Ah, donc il se cherche entre eux. Intéressant.

« Il va voir, ce qu'il va voir... Mais sa réaction... »

Je n'entends pas tout. Mais elle doute de la réaction qu'il a eue.

« Il veut faire le malin... »

J'appuie sur une touche et lance la bande-son. Son téléphone sonne. Mais pas avec sa sonnerie habituelle. Une chanson de Vitaa, « mais t'es où » avec l'inconnu d'afficher sur son écran.

« Encore lui ? » s'égosille-t-elle.

Je souris de plus belle et me retiens de rire. Elle ne répond pas. Je réitère une nouvelle fois. Je l'entends grogner. Elle décroche. Moins patiente que la dernière fois.

« C'est quoi ton problème bâtard ? »

Elle est à bloc. J'active mon modulateur de voix. Baisse mon micro.

— Bonjour, Madame Nyx ? Je me présente, Hervé du service des commandes d'Amazon. Nous avons fait une erreur dans votre...

« Vous vous foutez de ma gueule, j'espère ! »

Je plaindrais presque le pauvre Hervé s'il n'était pas fictif avec une voix efféminée.

— Je vous demanderai de rester poli. Nous avons oublié un article dans votre commande. Il est resté à l'entrepôt.

Silence. Son souffle se renforce.

« Je n'ai commandé qu'une seule chose », indique-t-elle le plus calmement possible.

Mais sa voix tremble de menace.

Je reprends.

— Sur votre commande, nous avons : un masque de ÇA, des croquettes de chien...

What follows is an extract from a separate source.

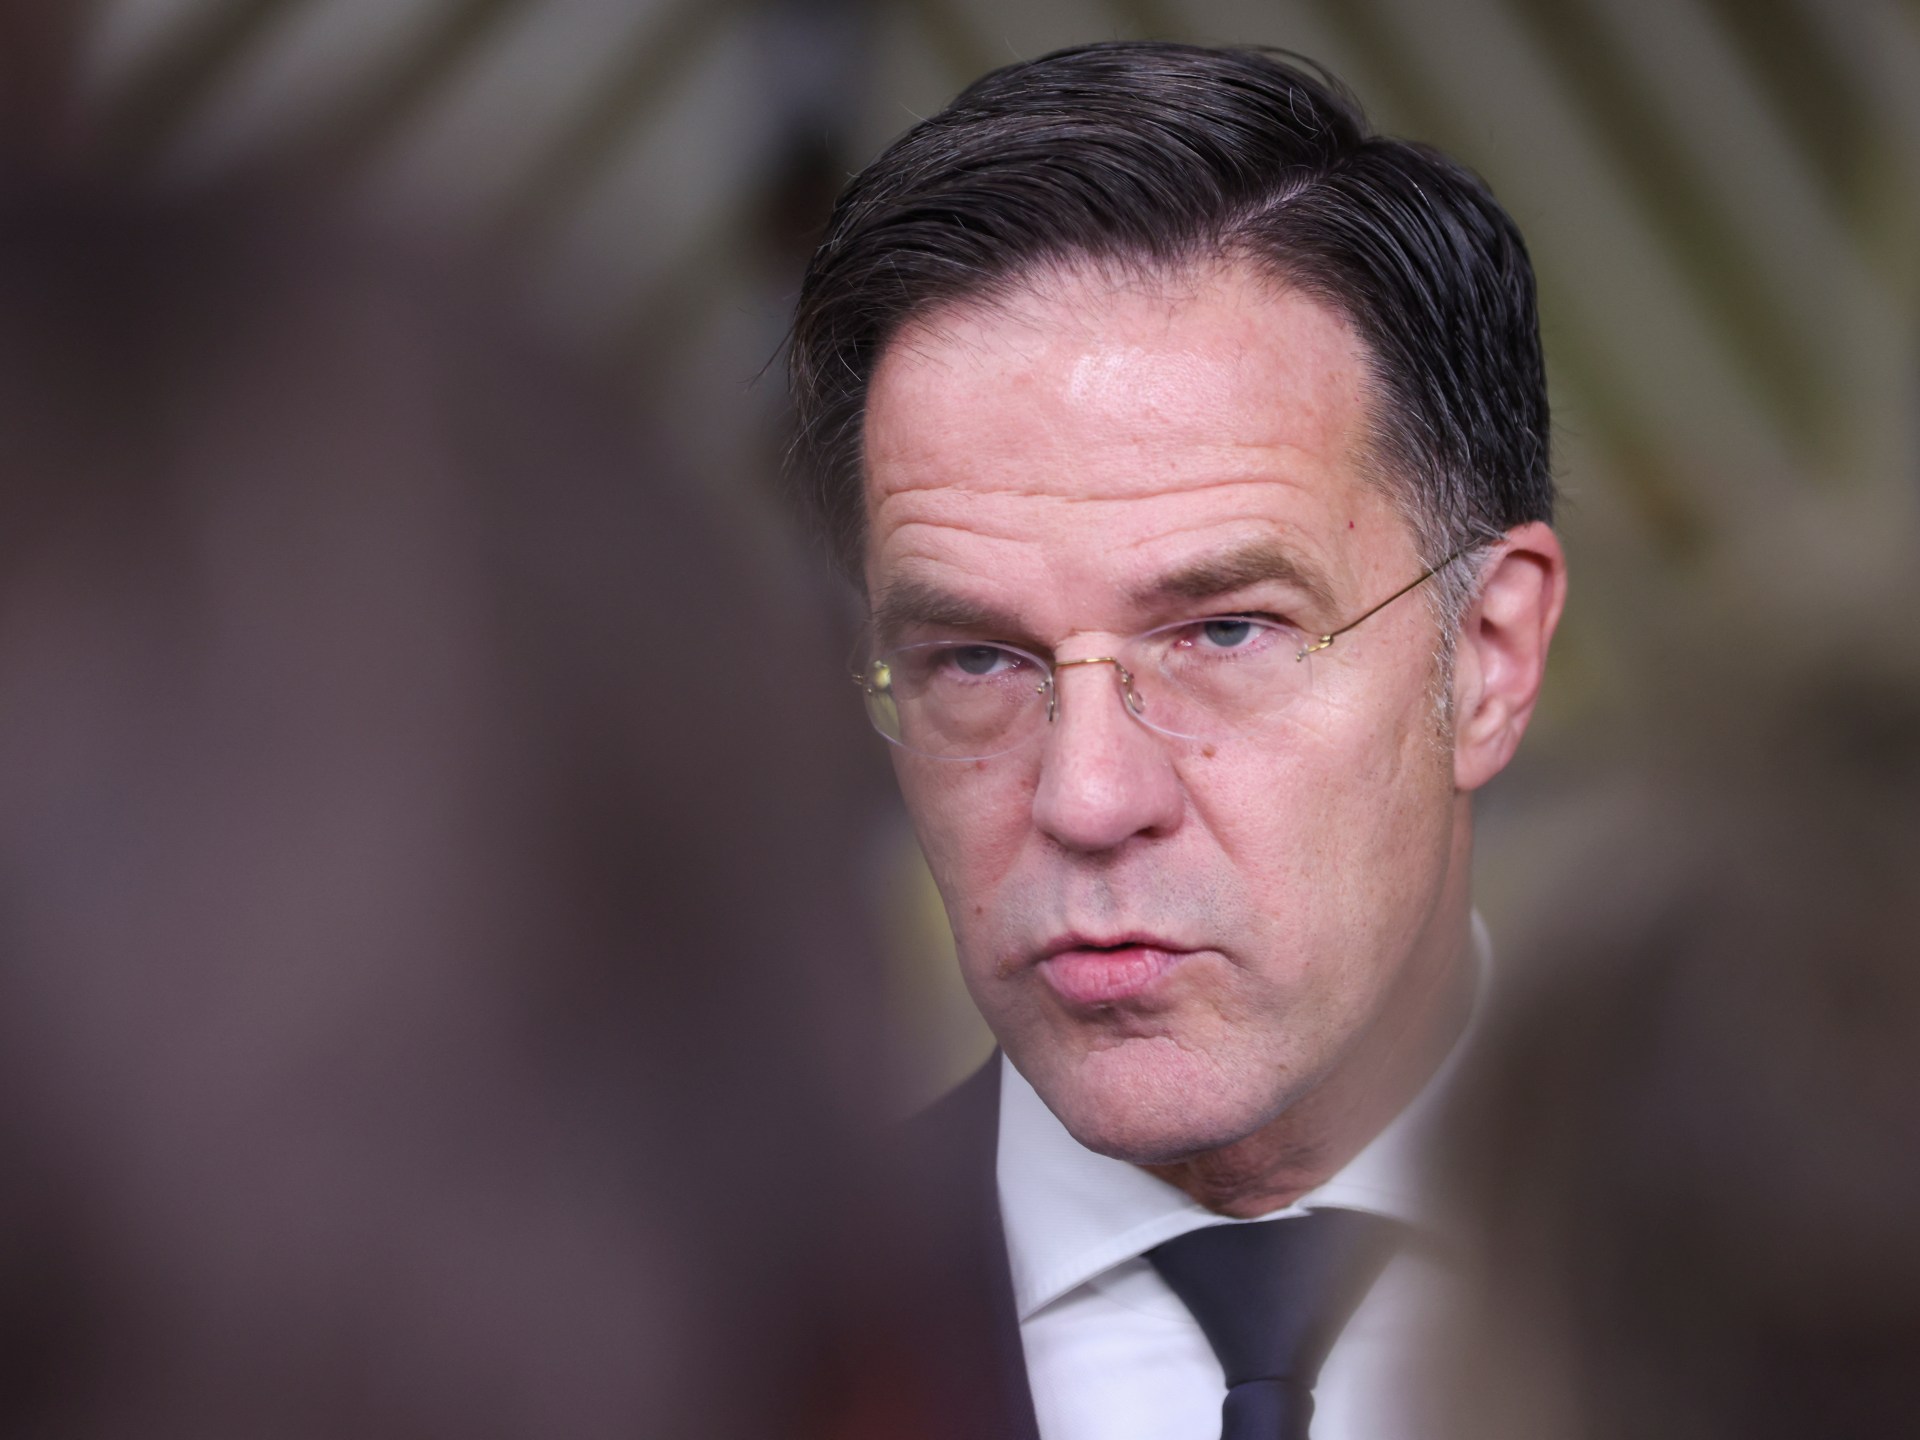 US, European powers back outgoing Dutch PM Mark Rutte as next NATO head | NATO News

Sa langue claque sur son palais.

— Et une photo d'un caniche blanc entourée d'un cœur rose et d'une trace de lèvre.

Elle raccroche. Je me marre. Elle n'a pas rétorqué, mais je l'entends démonter son téléphone et broyer sa nouvelle carte. Sa porte d'entrée claque. Échec et mat, pour l'instant.